Saturday 29 July 2017

Big Data Specialization E-Learning


The 3 areas that support the Internet of Things (IoT) are Big Data Analytics, Artificial Intelligence (AI) and Cyber Security. Being enthusiastic in IoT, I began taking the first step to acquire some foundation knowledge for these 3 areas. Having prior knowledge and experience in data extraction and manipulation using relational databases (e.g. Oracle, MS SQL, Postgres etc), Big Data Analytics naturally became the first item on my learning roadmap.

As IoT involves linking multiple devices together via network in order to communicate with one another, a huge volume of data would be generated in the process. These data must be analyzed in order to make further decision to achieve the intended purpose of having little or no human intervention. Another objective of Big Data Analytics is to discover hidden patterns or trends from huge volume of raw data for the purpose of making decisions to improve business processes or generate more revenue.
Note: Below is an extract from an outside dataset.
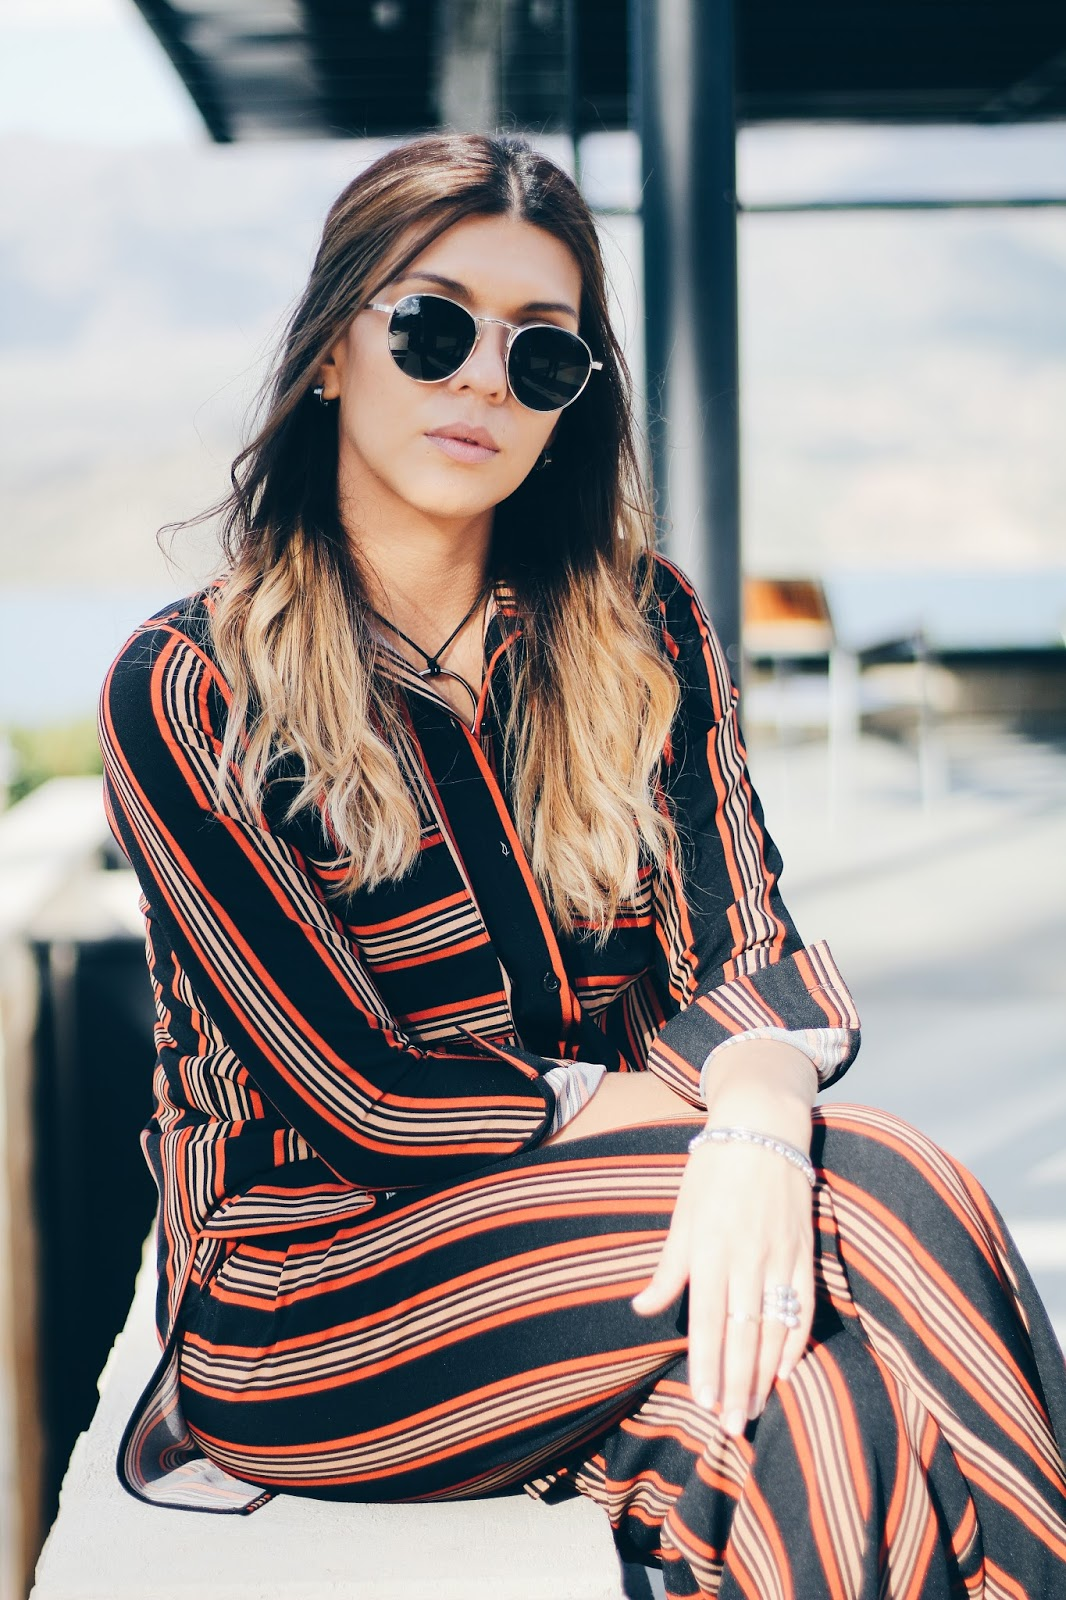 Mendoza Plaza Shopping 2017 | Cassandra Valdes
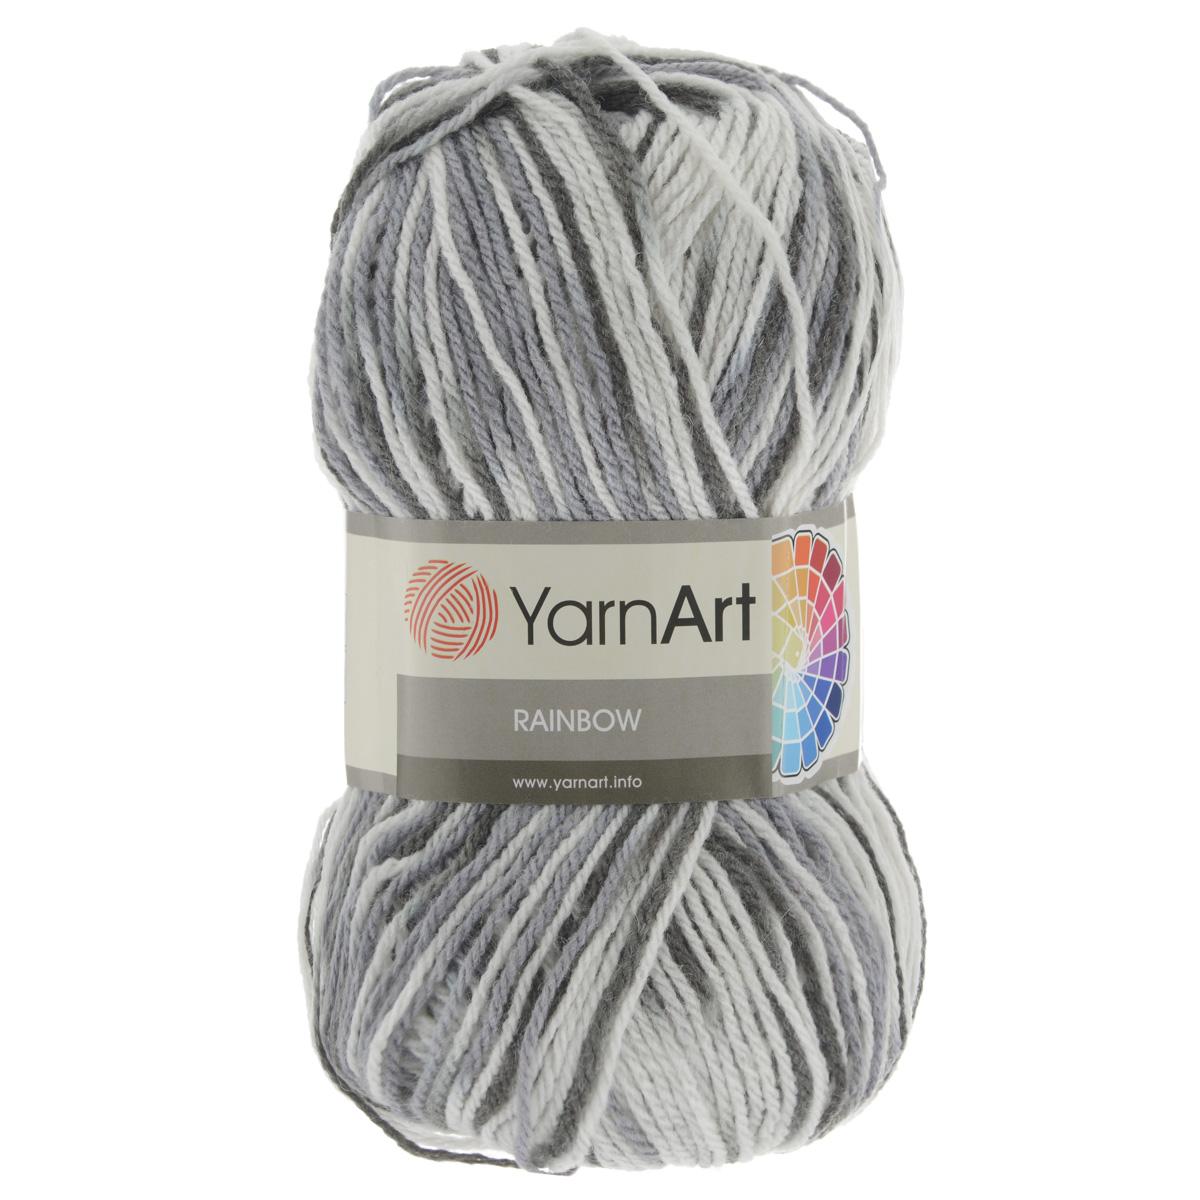 Пряжа для вязания YarnArt Rainbow, цвет: белый, светло-серый, серый (1958), 310 м, 100 г, 5 шт372030_1958В состав пряжи YarnArt Rainbow входит шерсть и волокна акрила. Такой сбалансированный состав обеспечивает готовым вещам удобство и практичность в использовании, а для мастериц спиц и крючка - возможность показать свое искусство. Классическая демисезонная пряжа YarnArt Rainbow - просто находка для вывязывания плотных теплых вещей. Наличие большого выбора расцветок пряжи предоставляет неограниченный простор для воплощения в реальность самых сложных узоров и мотивов. Качественная деликатная нить послушна и в плотной вязке, и в нежном ажуре. Состав: 80% акрил, 20% шерсть. Рекомендованные спицы и крючок 4 мм. Комплектация: 5 мотков.

Due to limited time, the best way for me to acquire some foundation knowledge for these 3 areas is through Massive Open Online Courses (MOOC). The multiple advantages which MOOC provides includes having flexible schedule (study at your own convenience and pace), inexpensive (most courses are below USD 100) and having a pay-as-you-learn model which allows learners to pay to attend courses and stop whenever they wish to without incurring large sum of money. The best part is that everything which the learner has accomplished will be saved and he/she can choose to pay to resume anytime later from where he/she has stopped. These are major plus points for busy working professionals with full time job and family commitments. With MOOC, we can enroll for and study a course to gauge our interest and suitability before committing huge amount of time and money to pursue more in-depth courses for the same area. The major disadvantage of MOOC is the lack of recognition by employers and educational institution due to the difficulties in ensuring that the learners submit true copies of their own work and attempt the online assessments themselves without any assistance. Nevertheless, having MOOC certificates would show possessing initiative to learn which is something that employers look out for. If you expect to be qualified and eventually be employed for a particular profession after completing a course, you should enroll for a non-MOOC course.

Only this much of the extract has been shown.